08448380779 Call Girls In Greater Kailash - I Women Seeking Men
Applying NLP to product comparison at visual meta
1. Applying NLP to Product Comparison at Visual Meta
1
Ross Turner
Elasticsearch Meetup Berlin 22/02/17
2. Overview
Product Comparison on the Visual Meta Platform1
Applying NLP to Product Comparison
Using NLP to Maintain a Product Catalogue2
Making Product Discovery Conversational3
2
3. About Me
Previously…
• Researcher in Natural Language Generation (NLG)
• Software Engineer on Local Search
• Co-founder and Principal Engineer at an NLG Start Up
Currently…
• Engineering Head at Visual Meta
5. Product Comparison at Visual Meta
‘All shops, one site’
• Online marketing platform with
shopping portals in 12 different
countries
• 3 brands: Ladenzeile, ShopAlike,
UmSóLugar
• 100,000,000+ items
• 6,000+ partner shops
6. Faceted Search at Visual Meta
Discover fashion, furniture and
more….
• 800,000 platform visits per day
• 80 filter types across 21
categories
• Currently porting filter search
to ElasticSearch
7. Maintaining a Product Catalogue at Visual Meta
Product feeds are continuously synced from partner shops:
• Feed items must be categorised in order to be discoverable on the platform
We want to:
• Identify all variants of a product
• Compare offers across shops
• Make it easy for our for users to browse through millions of products
Model Colour Memory
Apple iPhone 6s Space Grey 32GB
Apple iPhone 6s Space Grey 128GB
Apple iPhone 6s Gold 32GB
Apple iPhone 6s Gold 128GB
Apple iPhone 6s Rose Gold 32GB
Apple iPhone 6s Rose Gold 128GB
Apple iPhone 6s Silver 32GB
Apple iPhone 6s Silver 128GB
9. String Matching
Index item names and descriptions, query product variant tag names against the index
Lucene query:
• +(Name:apple Description:apple) +(Name:iphone Description:iphone) +(Name:6s Description:6s)
+(Name:16gb Description:16gb) +(Name:space Description:space) +(Name:grey)
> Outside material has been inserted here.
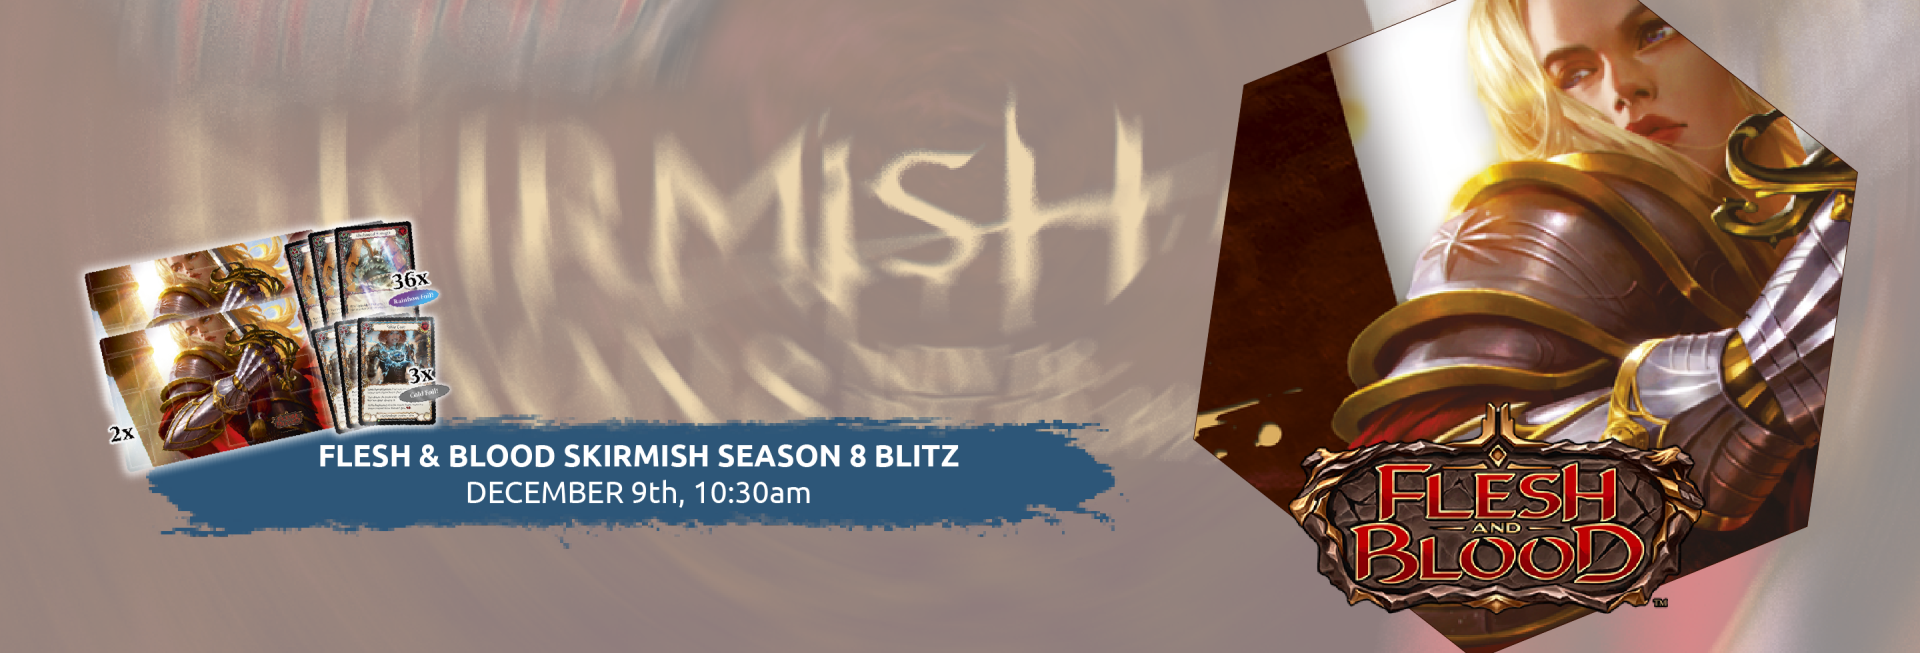 Flesh & Blood Skirmish Season 8 10:30am

Test by manually assigning items to a random sample of products
Recall Precision Fscore
0.59 0.64 0.61
10. Error Analysis
Naming for the same product is not consistent across feeds:
1. abc.com: “Apple iPhone 6 (Space Grey, 64GB)”
2. efg.com: “Apple iPhone 6 64 GB Space Grey”
3. xyz.com: “Apple iPhone 6”
Naming for the same product is not consistent within the same feed:
1. “Apple Iphone 6 - 64GB”
2. “Apple Iphone 6 64GB Space Grey”
3. “Kamakshi Apple iPhone 6 (Latest Model) - 64 GB - Space Gray - Smartphone”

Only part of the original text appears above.